As they moved roughly parallel with the valley, the slope on their right became steeper and steeper until it was simply a precipice, and the rocks on their left towered bleaker and higher, and they were walking along a narrow ledge with the shadow of one cliff over them and another cliff falling away from their feet into a void of darkness. The path wound snake-like around the fissures and buttresses into which the precipice was sculptured, and presently, rounding one of those natural breastworks, they found themselves at a place where the path widened suddenly to become a natural balcony about twenty feet long and twelve feet deep — and then stopped. A natural wall of rock screened it from sight of the valley or the hills on the other side.

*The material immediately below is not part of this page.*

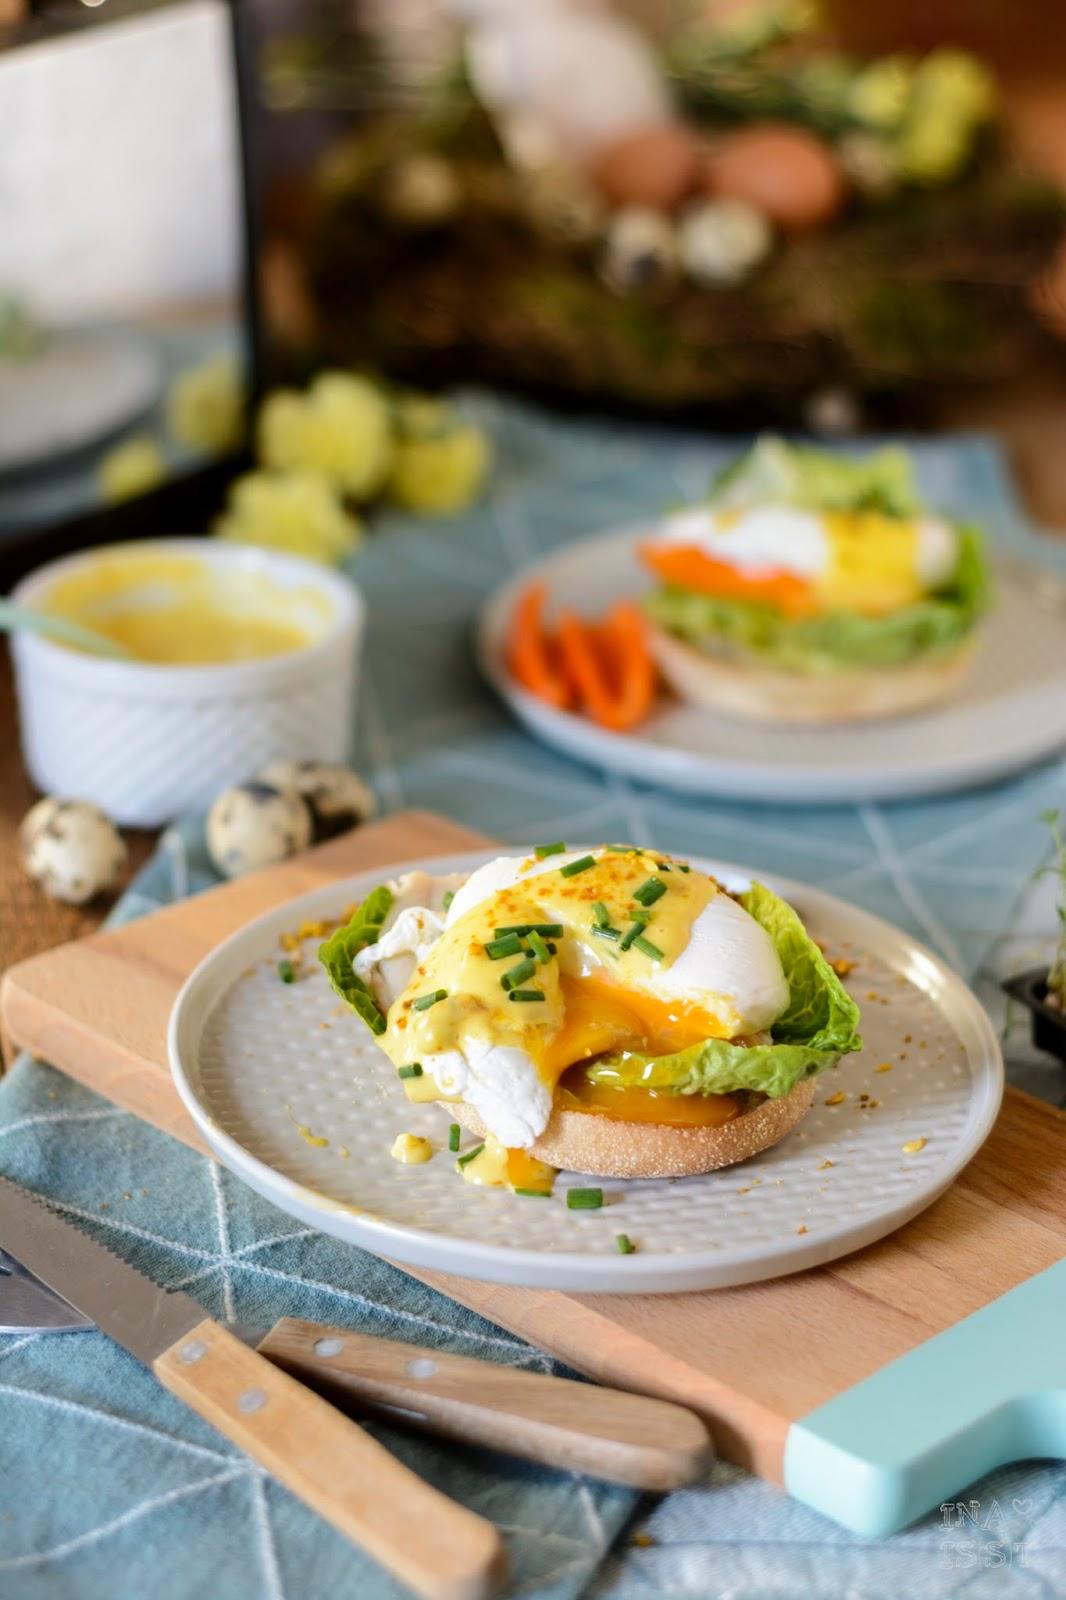 Eggs Benedict mit geräucherter Forelle und würziger Sauce Hollandaise à la Franz Hose, Ina Is(s)t, Dipster

El Rojo followed them into the niche, leading the two horses, which he tied up to an iron ring by the mouth of a cave that opened in the rock wall at the end.
There was a dull glow of embers close by the mouth of the cave. The bandit stirred them with his foot, and threw on a couple of mesquite logs.
“Perhaps you are hungry,” said El Rojo. “I have little to offer my guests, but you are welcome to what there is.”
“I should like a cigarette as much as anything,” said the Saint. “But I’m not a very good contortionist.” The bandit considered him.
“I could untie you, señor, if you gave me your word of honor not to attempt to escape. It is, I believe, usual in these circumstances.”
His speeches had an elaborate theatricalism which came oddly out of his rough and ragged clothing.
“I’ll give you my word for two hours,” said the Saint, after a moment’s thought. “It can be renewed if necessary.”
“Es bastante. Y usted, señorita?”
“Conforme.”
“Entonces, por dos horas.”
El Rojo laid down his rifle and untied the Saint’s hands, but Simon noticed that he picked up the gun again at once, and that he kept it always within easy reach. The Saint understood the symptom well enough not to be disturbed by it. He lighted a cigarette and stretched himself out comfortably beside the fire and beside Teresa Alvarez, while the night closed down like a purple blanket and El Rojo brought out the bread and cheese and sausage and coarse red wine which are the staple fare in the mountains.